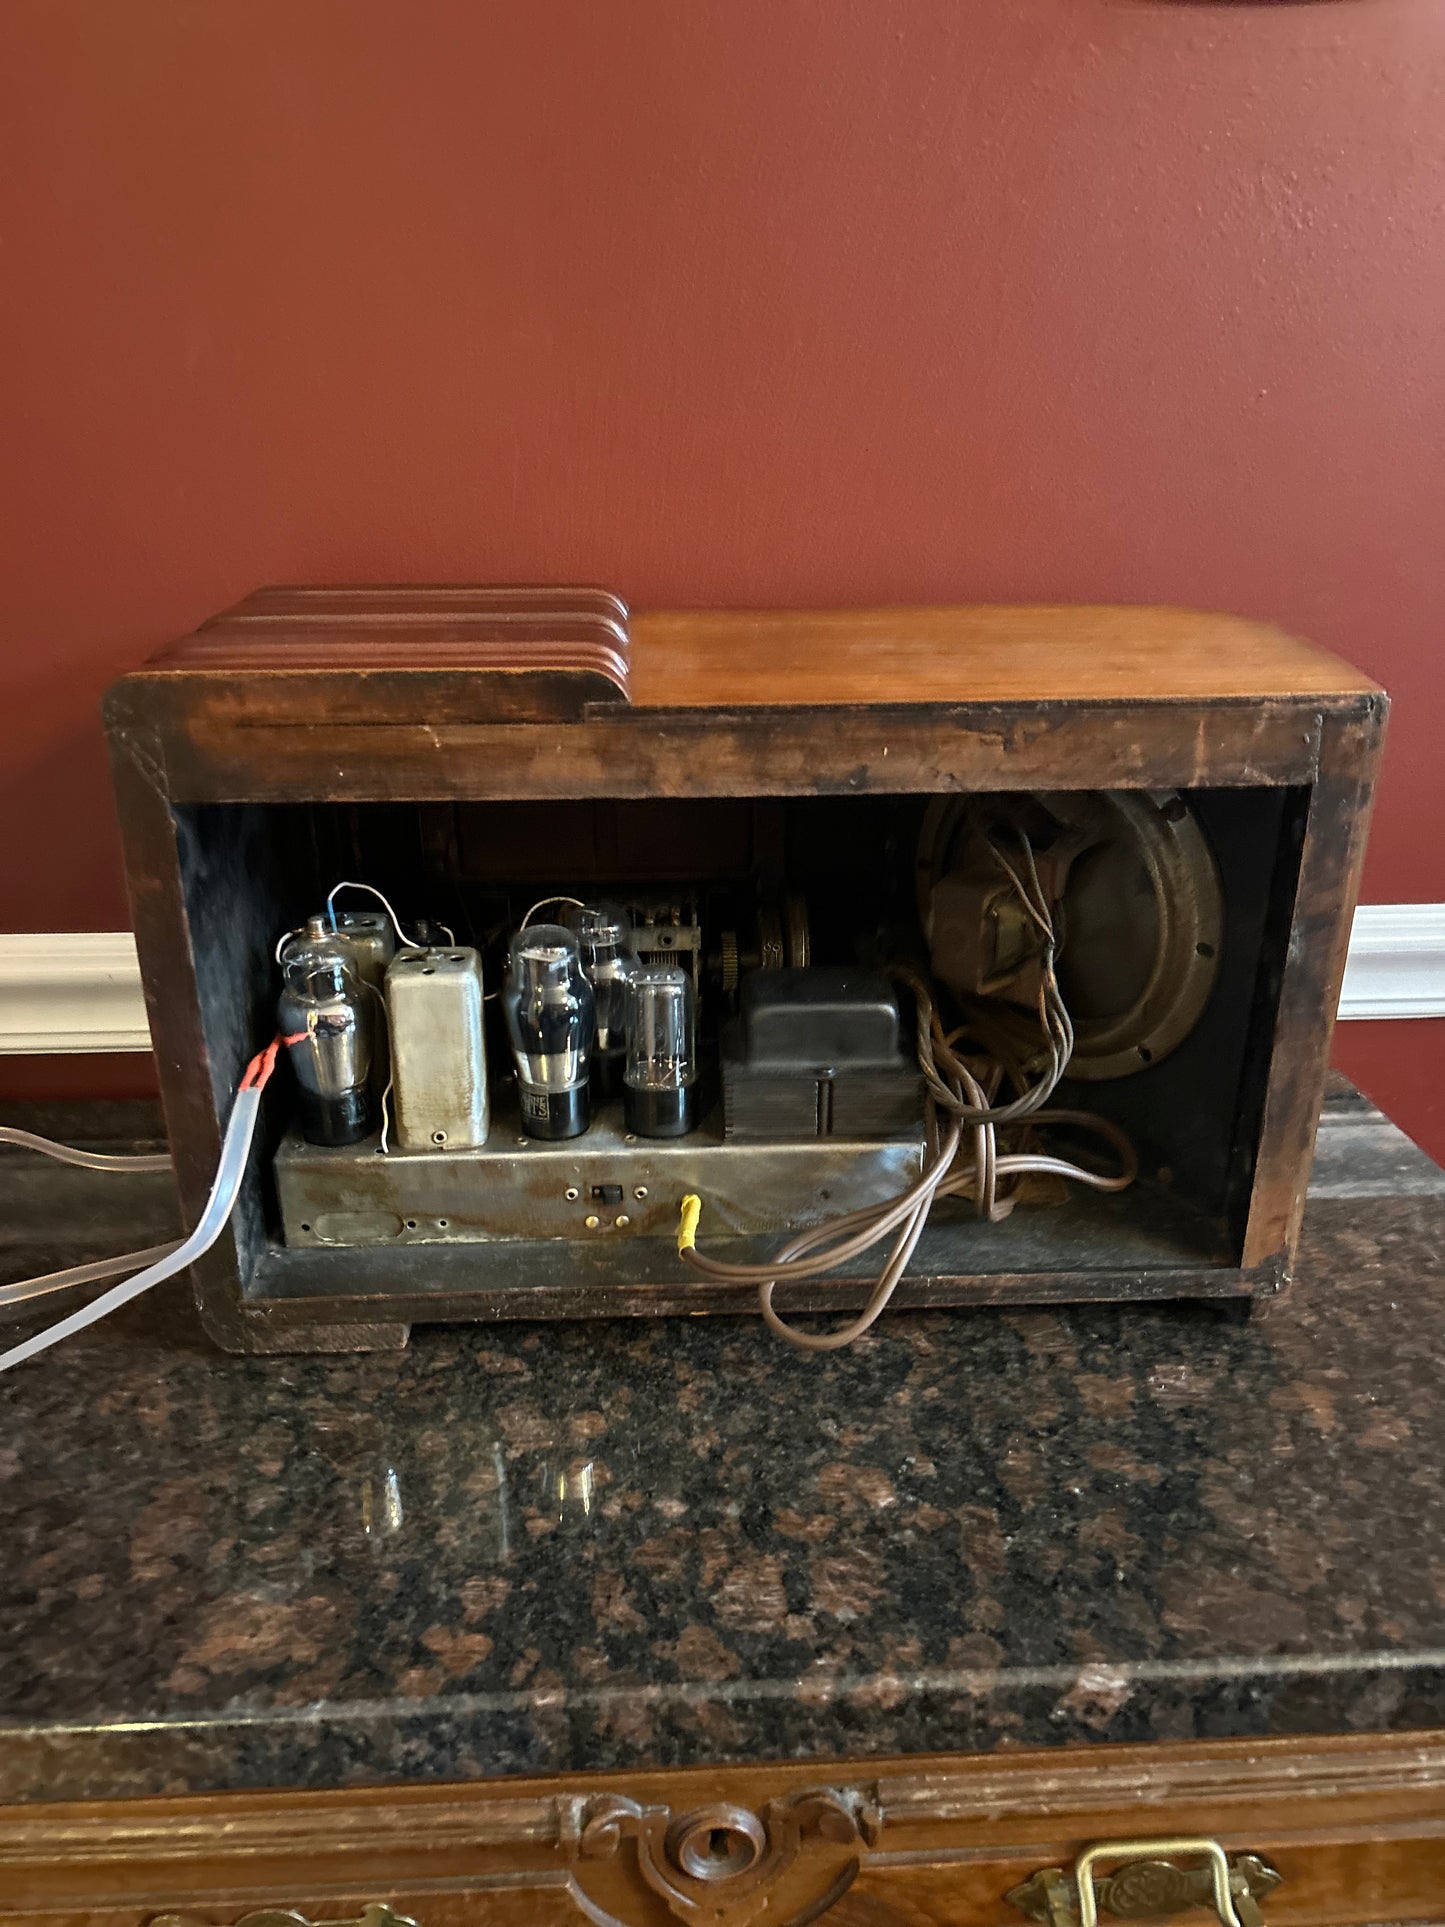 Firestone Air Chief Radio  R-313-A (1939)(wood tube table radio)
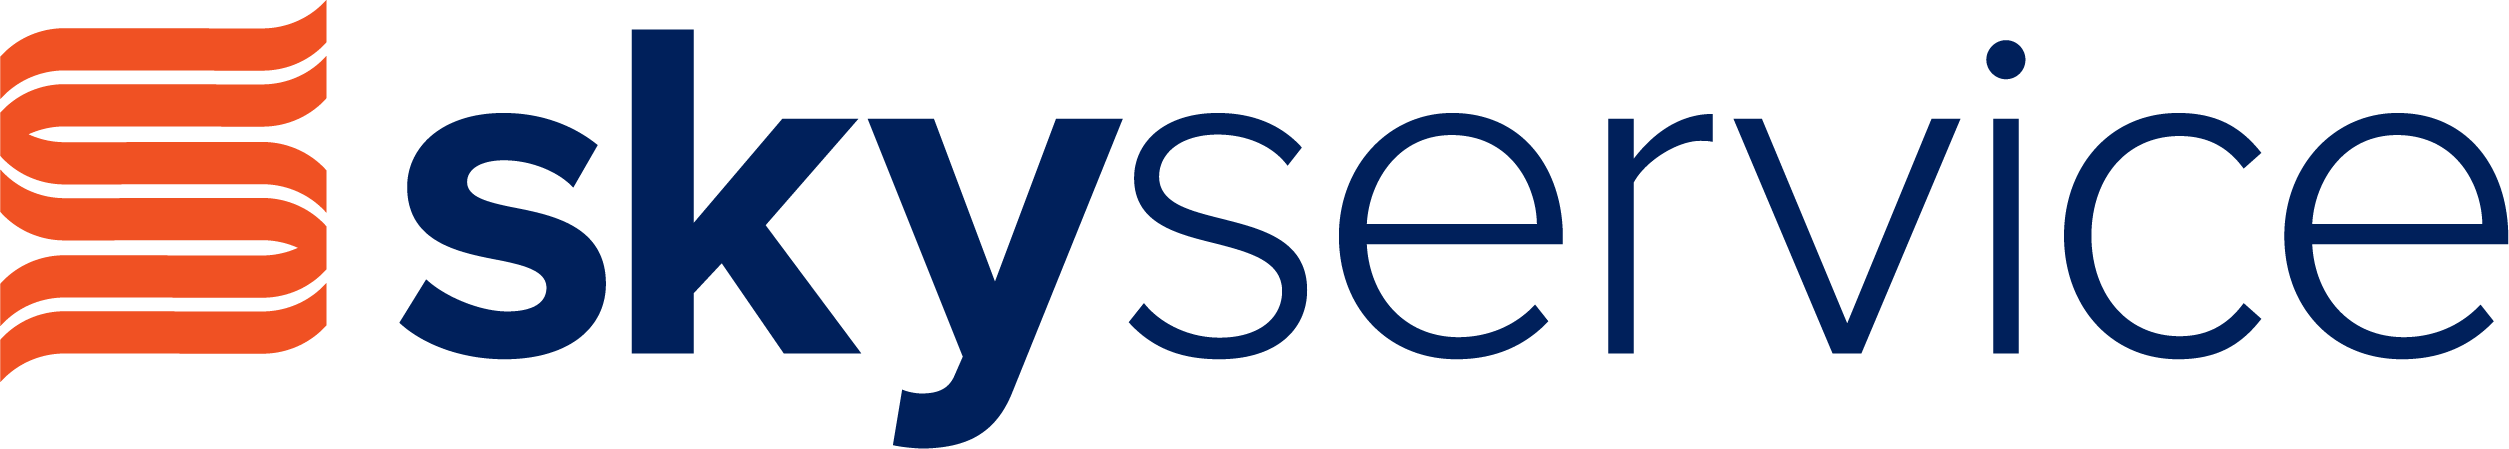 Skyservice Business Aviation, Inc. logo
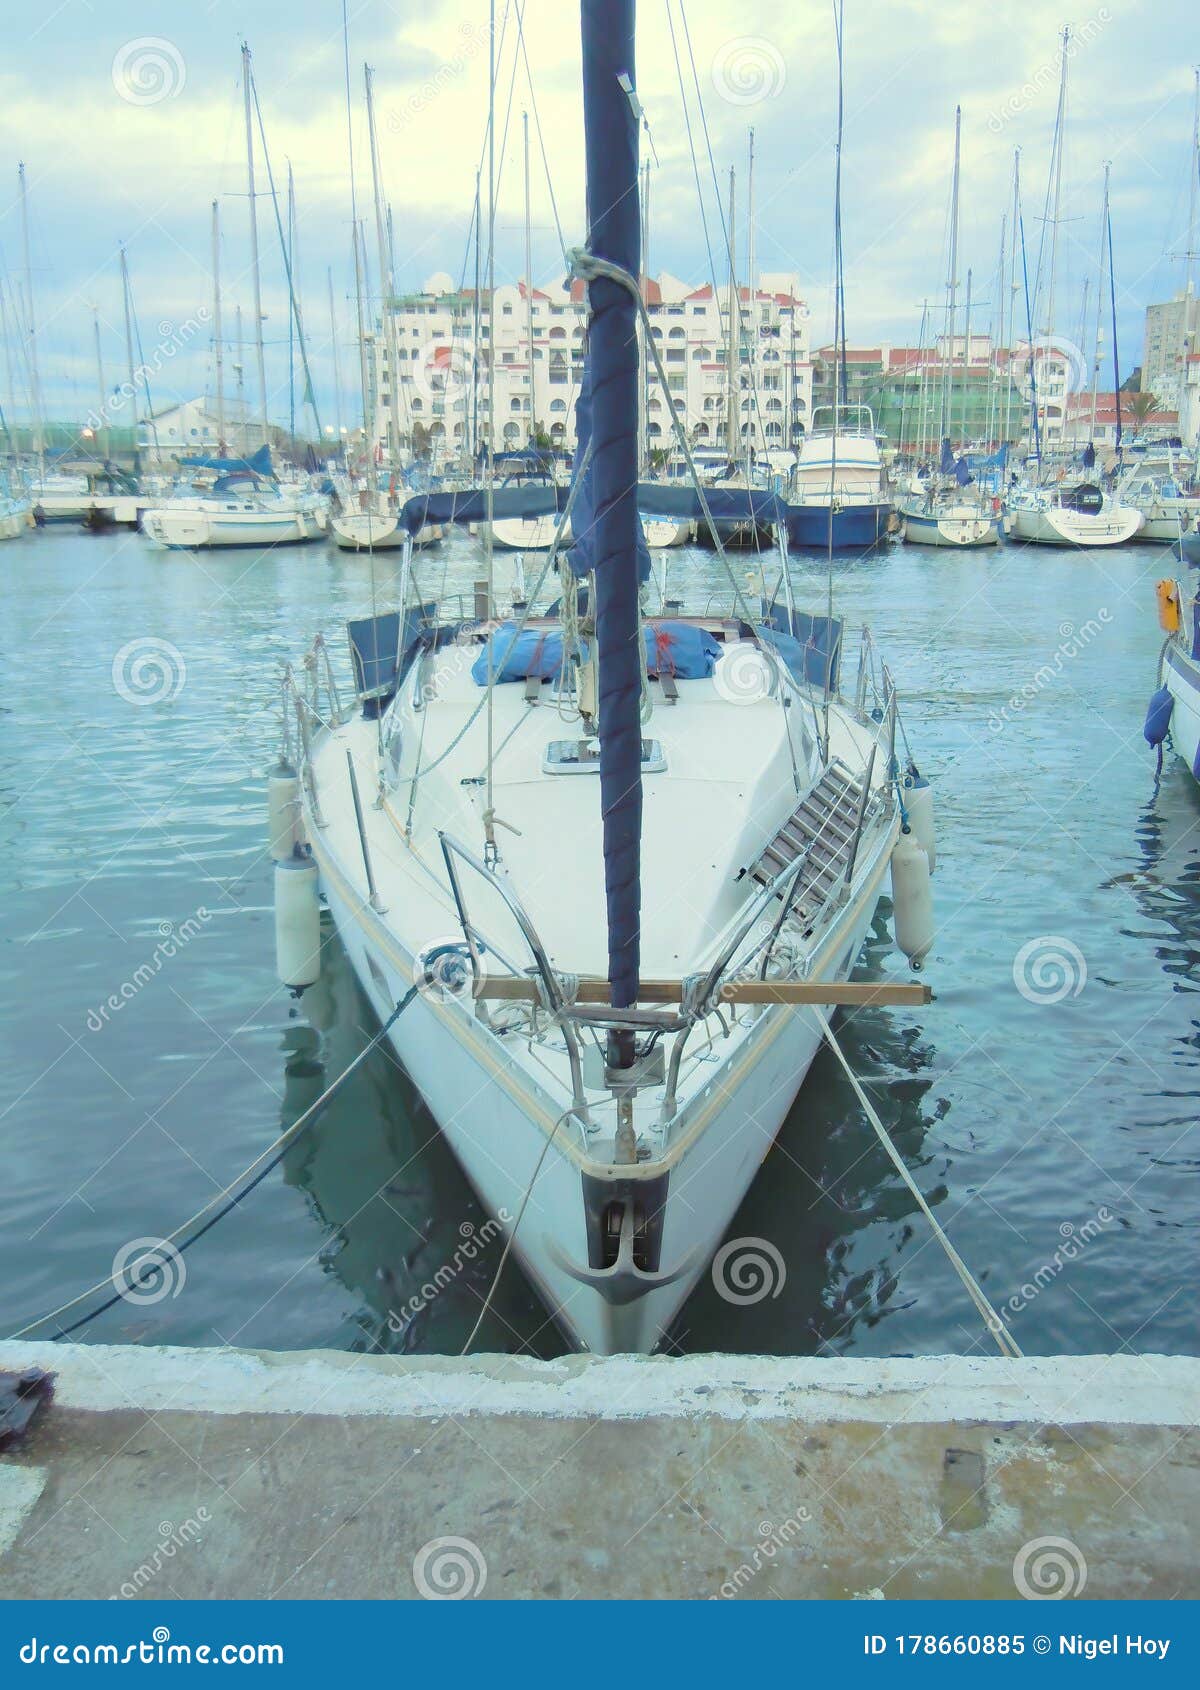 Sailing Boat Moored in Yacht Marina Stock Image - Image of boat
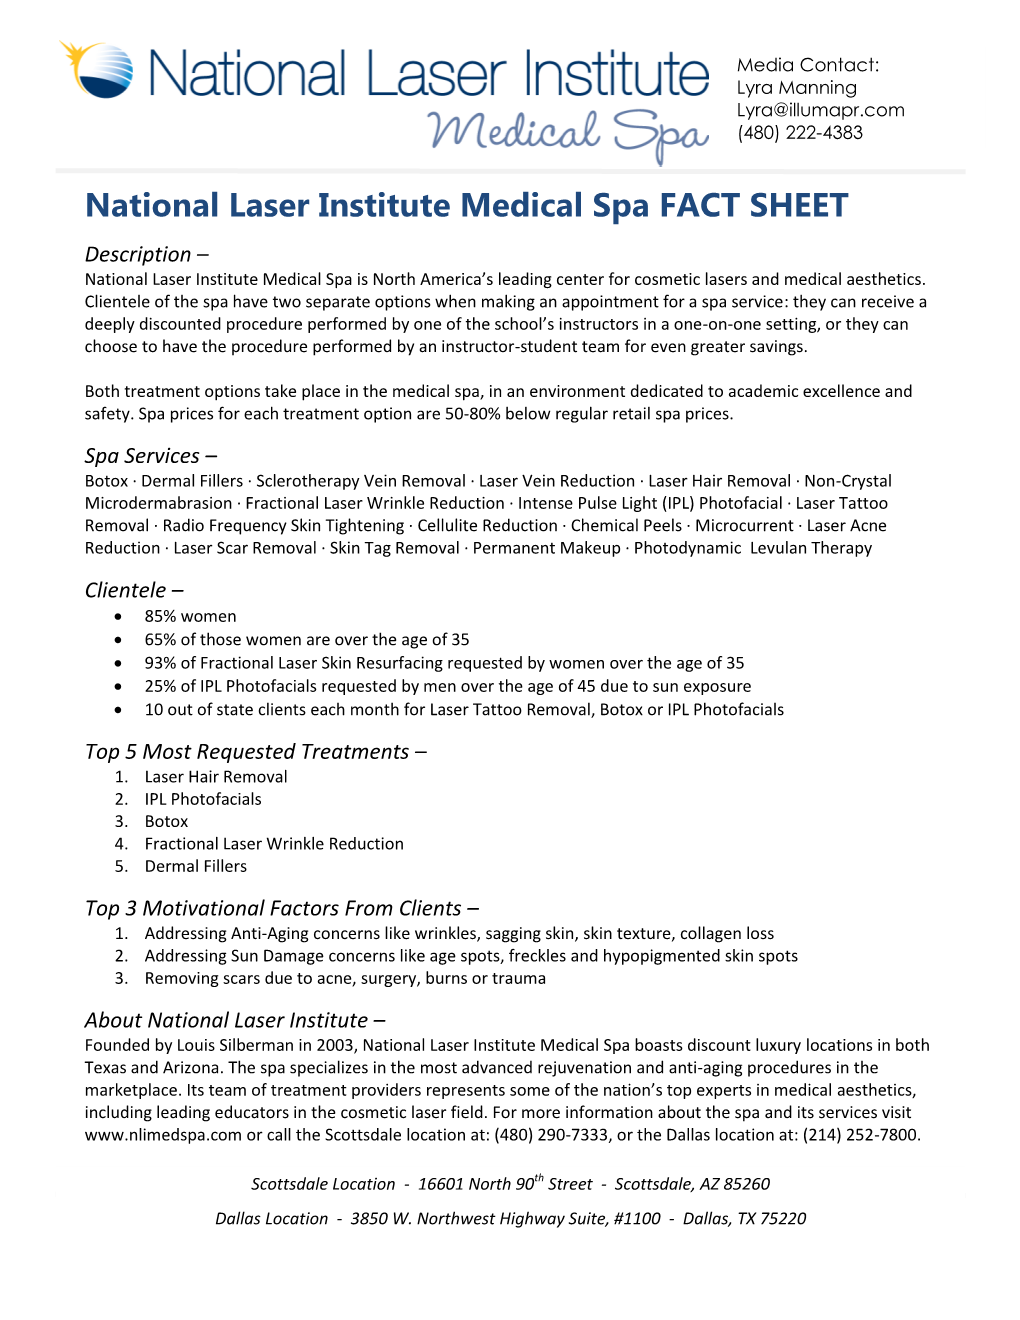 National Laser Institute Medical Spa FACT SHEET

§ **Aim of the exercise**
Write out the material exactly as it stands, omitting every picture.

§ **Result for this exercise**
 Firestone Air Chief Radio  R-313-A (1939)(wood tube table radio)
 Skyservice Business Aviation, Inc. logo
 Sailing Boat Moored in Yacht Marina Stock Image - Image of boat
 National Laser Institute Medical Spa FACT SHEET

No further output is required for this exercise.